Je ne pouvais prendre aucun
risque. Donnez-moi le
manuscrit.
Jean-François serra les dents sous l’insulte, mais seul
importait le sort de sa fille.
– Pas
avant d’avoir vu Chloé, tonna-t-il.
– N’ayez crainte, elle n’est pas loin.
Montrez-moi le manuscrit et
j’irai la chercher.
Jean-François tira de sa veste la liasse de vélin et
l’agita en direction de Delphine. Elle accrocha la torche au mur, se dirigea vers la
cheminée, poussa la porte à sa droite. Jean-François entendit un verrou se tirer.
Il reconnut la voix de sa
fille et la vit arriver, étroitement maintenue par Delphine qui
tenait une dague effilée à la main.
– Papa,
emmène-moi, cria la petite voulant s’élancer vers son
père.
Delphine
resserra son étreinte en lui soufflant :
– Ne
dis pas un mot, ne bouge pas et je ne te ferai aucun mal.
Maintenant, Savoisy,
asseyez-vous et posez le manuscrit, dit-elle en lui indiquant une
table éclairée par la torche.
Jean-François s’exécuta et lança à sa fille un regard
qui se voulait rassurant. La petite pleurait à chaudes larmes.
– Fais
ce qu’elle te dit, Chloé, et dans quelques minutes tout ceci ne
sera qu’un mauvais souvenir.
Sans la
lâcher d’un pouce, Delphine fit avancer la jeune fille de quelques
pas.
– Tournez les pages lentement, que je m’assure
qu’il s’agit du bon document.
– Vous
ne croyez tout de même pas que je m’amuserais à vous mystifier
alors que ma fille est en danger de mort.
– Je
m’attends à tout des Savoisy.
– Mais
cette querelle remonte à des siècles, s’emporta
Jean-François. Et ce
sont les Delatraz qui ont volé le document.
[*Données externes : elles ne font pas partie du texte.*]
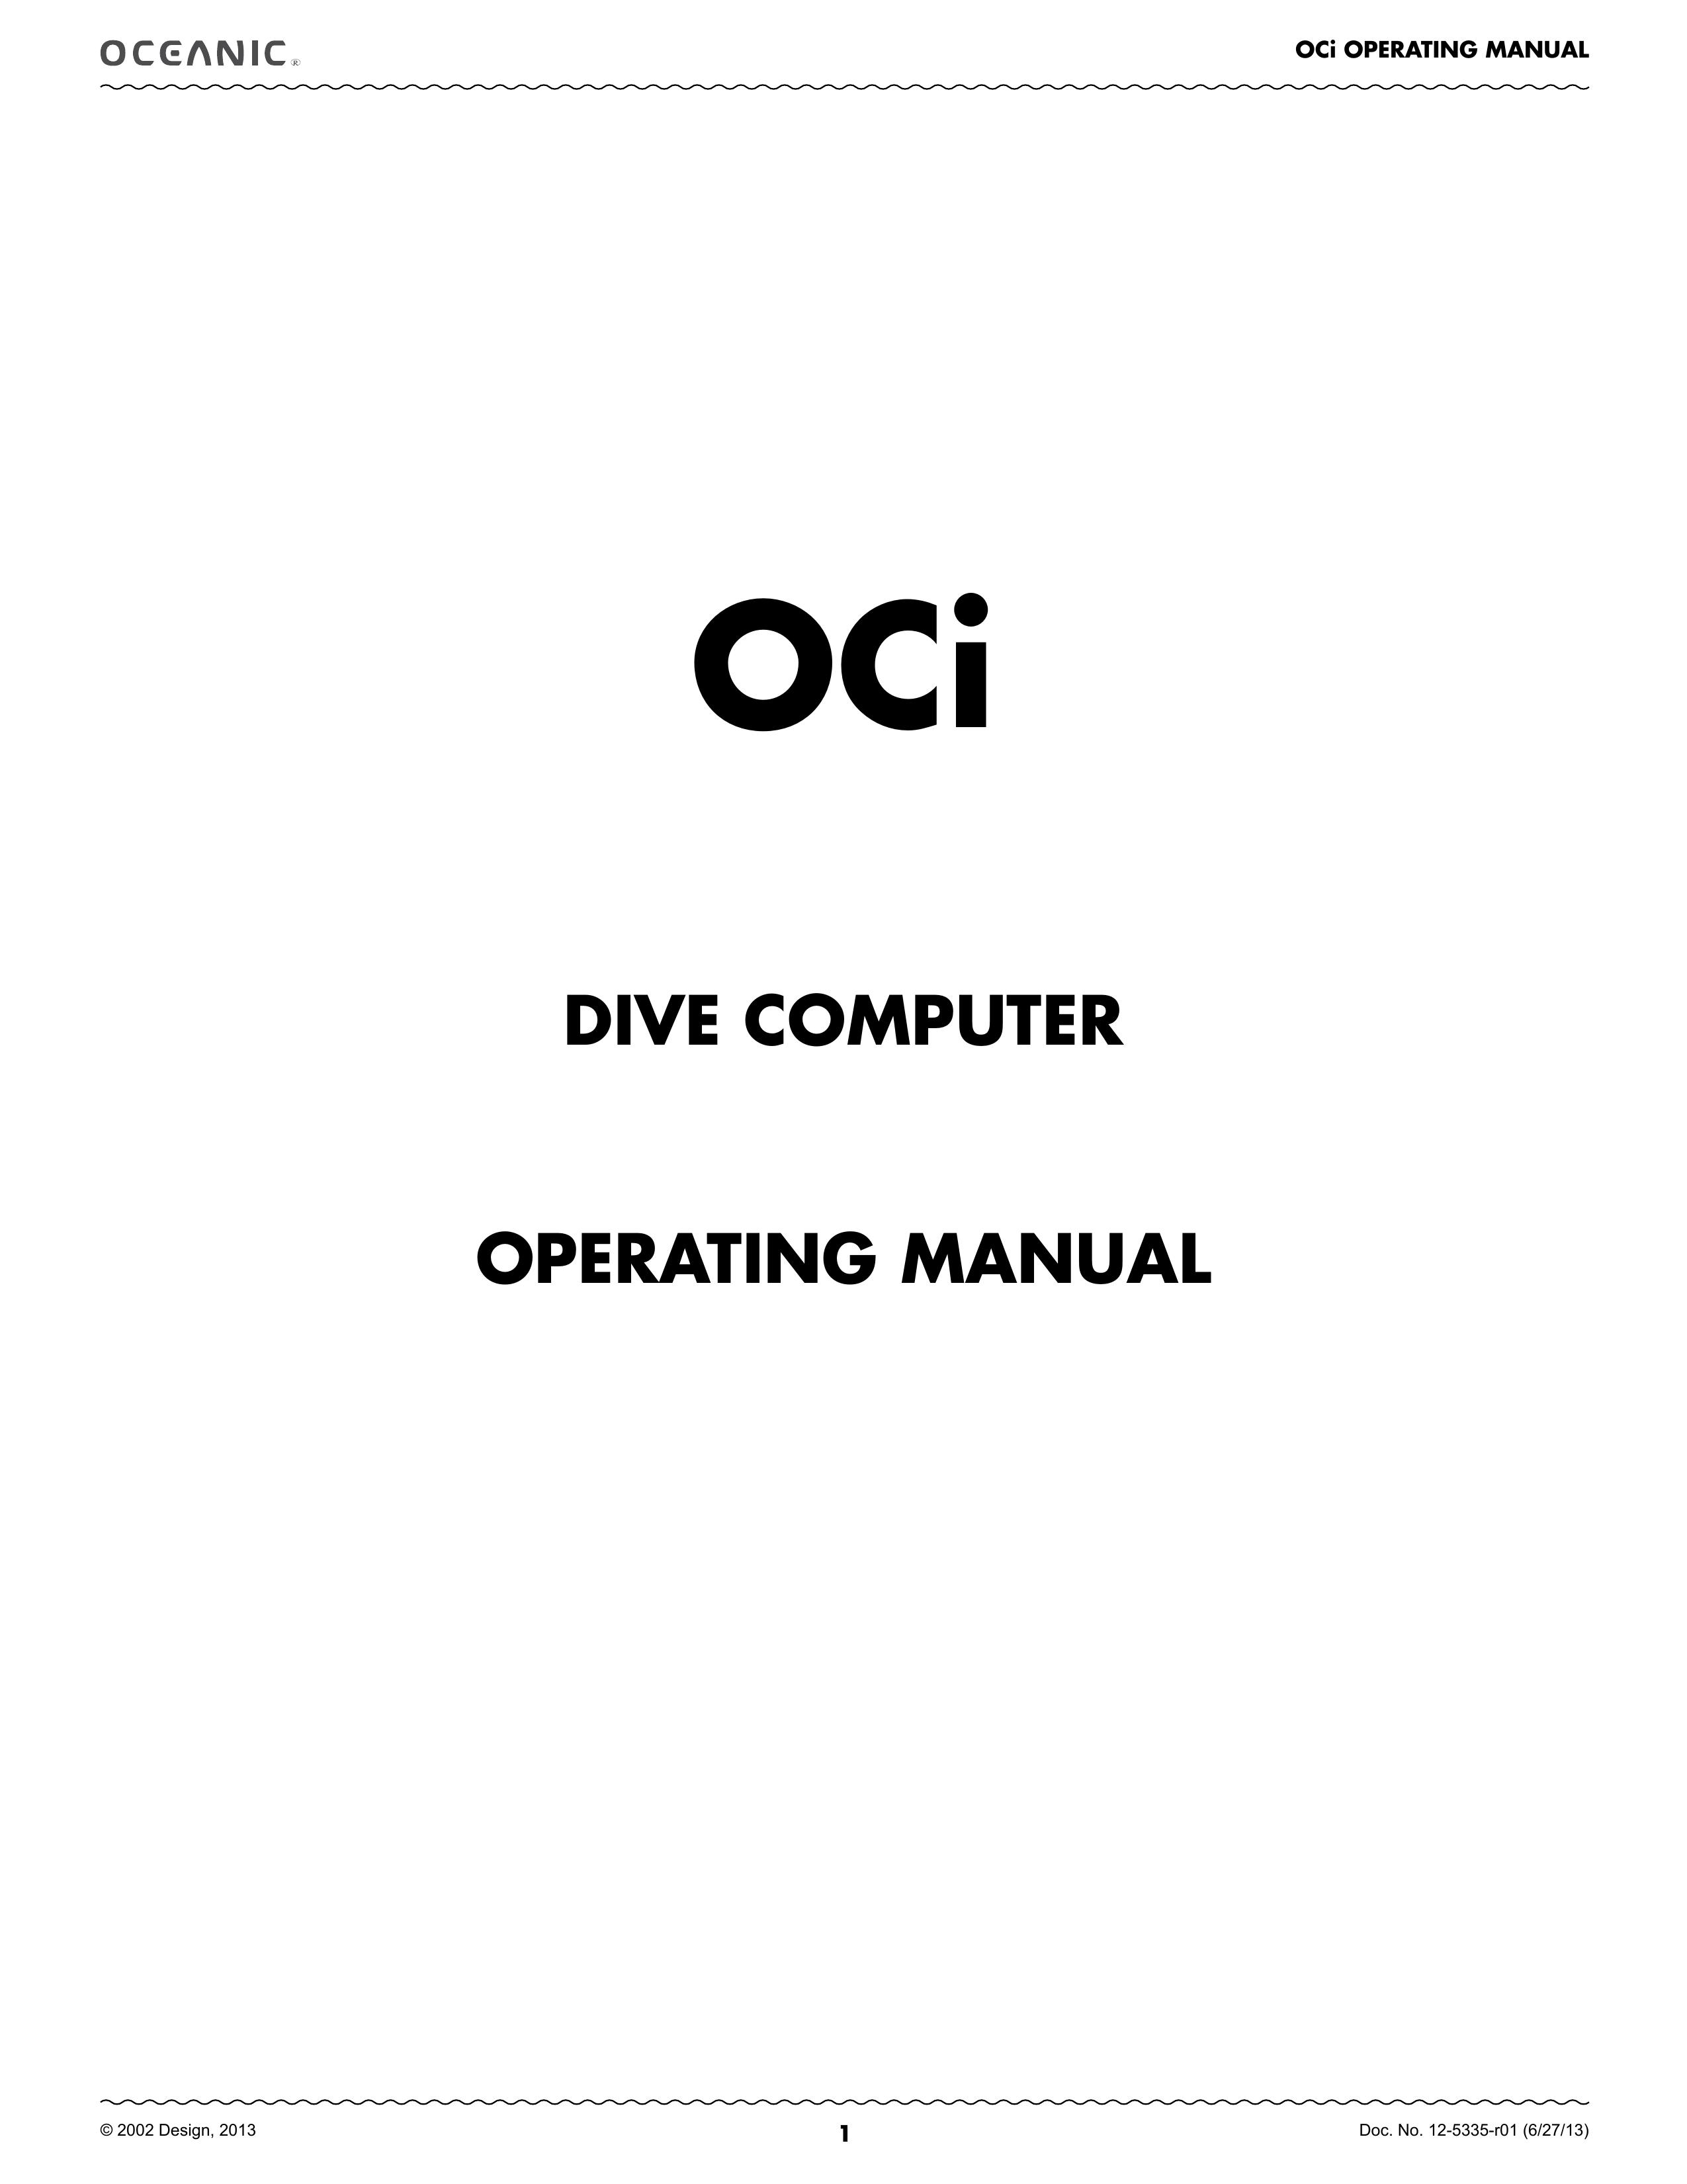 Oceanic 04-8792-24 Scuba Diving Equipment User Manual

– Tournez les pages ! N’accusez pas ma famille.
C’est Jacques Savoisy qui a
volé la place de mon aïeul à la cour d’Amédée VIII.
C’est lui le coupable.
Il fallait qu’il
paye.
– Vous
êtes folle ! s’exclama Jean-François en tournant lentement les
pages.
– Je
suis juste soucieuse de l’honneur de la famille alors que vous, les
Savoisy, n’êtes que des pleutres sans respect pour le passé.
Les Delatraz, malgré vos
manigances, n’ont jamais baissé les bras. Ne vous arrêtez pas de tourner les
pages.
Jean-François sentait l’excitation de Delphine.
Son visage s’était illuminé,
ses yeux brillaient d’une joie sauvage.
– Laissez-moi vous dire, reprit-elle d’une voix
tremblante d’émotion, combien mon ancêtre Louis Delatraz a été
heureux d’avoir la peau de François Savoisy à Liège en 1603.
C’est une date que nous
honorons encore aujourd’hui.
– Mais
comment m’avez-vous retrouvé ? Je n’étais au courant de rien. C’est un pur
hasard !
– Voilà
bien les Savoisy ! Oublieux et sans cervelle ! ricana-t-elle. Il n’y a pas de hasard avec les
Delatraz. Nous avons
toujours eu un oeil sur les agissements de votre famille.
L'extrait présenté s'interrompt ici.